I will present the evolution of AVW-Space and various types of AI-based support we have added to it over the years. In early studies, when there was no support, half of the participants watched videos passively. To improve engagement via comment writing, extended the platform by adding a set of reminder nudges, which are given to students who are passively watching videos or not commenting on a variety of topics. Those nudges resulted in a significantly higher percentage of students writing comments. We then developed machine learning models which classify students’ comments immediately after they are written into low, medium or high-quality comments. Based on these classification, AVW-Space provides additional nudges to students based on the quality of comments they write. We also added visualizations of students’ activities, the comment quality and nudges, so that students can easily review their progress. The most recent studies show the effectiveness of theAI-based support: the vast majority of students are now active and writing high-quality comments, which result in increased learning.

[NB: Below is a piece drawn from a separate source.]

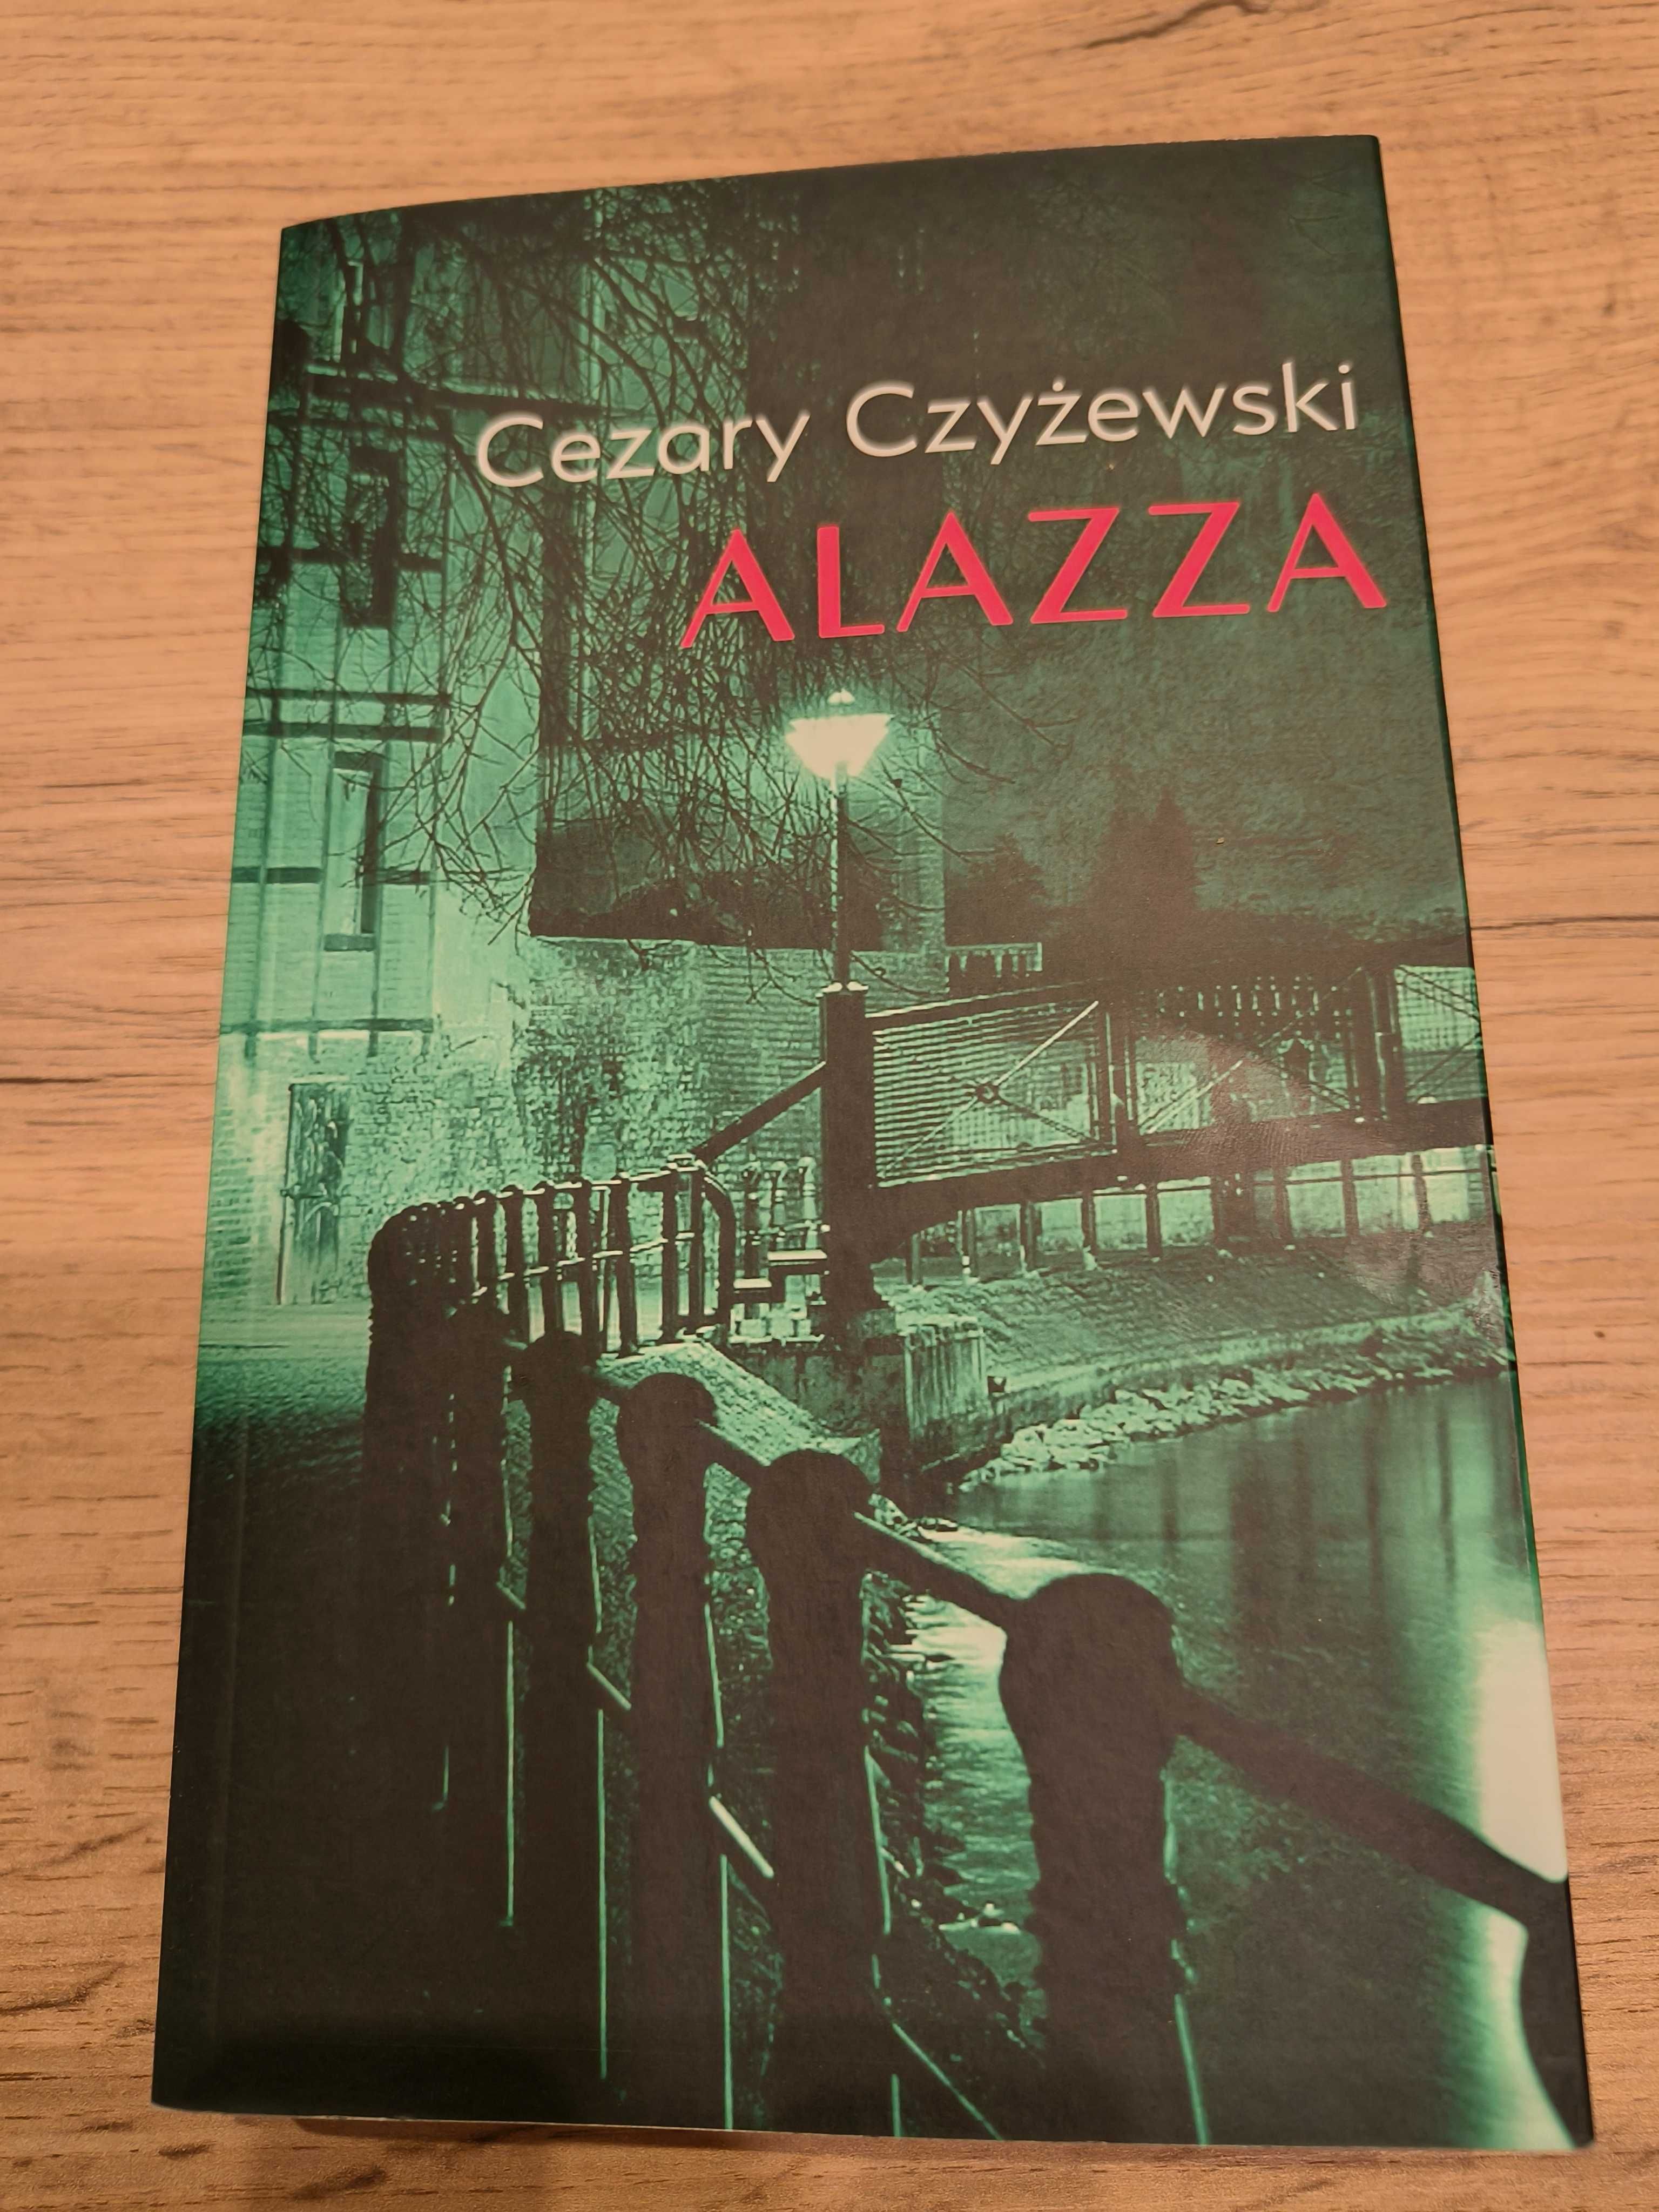 Cezary Czyżewski: Alazza + Mgły przeszłości
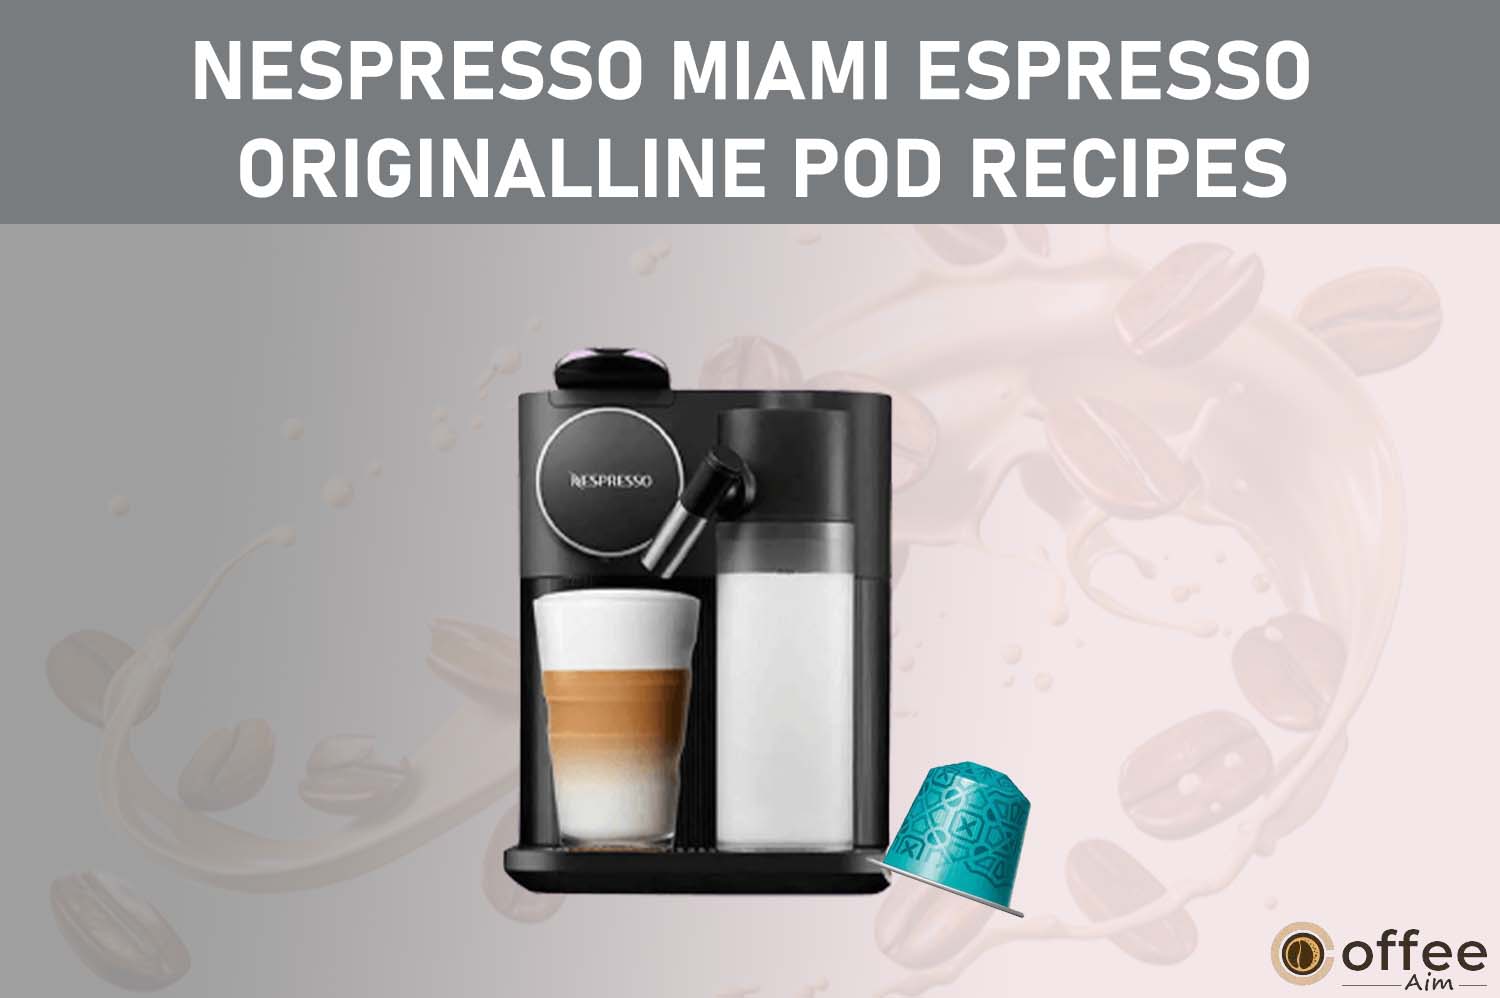 Fetaured image for the article "Nespresso Miami Espresso OriginalLine Pod Recipes"

BIO: Dr Antonija (Tanja) Mitrovic is a full professor and the Head of the Department of Computer Science and Software Engineering at the University of Canterbury, Christchurch, New Zealand. She is the leader of ICTG (Intelligent Computer Tutoring Group). Dr Mitrovic received her PhD in Computer Science from the University of Nis, Yugoslavia, in 1994. She is the past President of the Asia-Pacific Society for Computers in Education, and Past President of the International Society for Artificial Intelligence in Education. She is an associate editor of the following journals: International Journal on Artificial Intelligence in Education and Research and Practice in Technology Enhanced Learning (RPTEL). Tanja is a Distinguished member of ACM, Senio member of IEEE and AAAI. and a Fellow of the Asia-Pacific Society for Computers in education (ASPCE). She was awarded the Distinguished Researcher Award in 2011 by the Asia-Pacific Society for Computers in Education.
Dr Mitrovic’s primary research interests are AI in education. ICTG has developed a number of constraint-based intelligent tutoring systems in a variety of domains, which have been thoroughly evaluated in real classrooms, and proven to be highly effective. These systems provide adaptive support for acquiring both problem-solving skills and meta-cognitive skills (such as self-explanation and self-assessment). Although most of the ITSs developed by ICTG support students learning individually in areas such as database querying (SQL-Tutor), database design (EER-Tutor and ERM-Tutor), data normalization (NORMIT), there are also constraint-based tutors for object-oriented software design and collaborative skills, various engineering topics (thermodynamics, mechanics), training to interpret medical images and language learning. ICTG has also developed ASPIRE, a full authoring and deployment environment for constraint-based tutors. Recent research includes using personalized nudges to improve engagement and learning outcomes in Video-Based Learning (VBL). ICTG developed AVW-Space, an online portal for VBL that provides personalized nudges to students.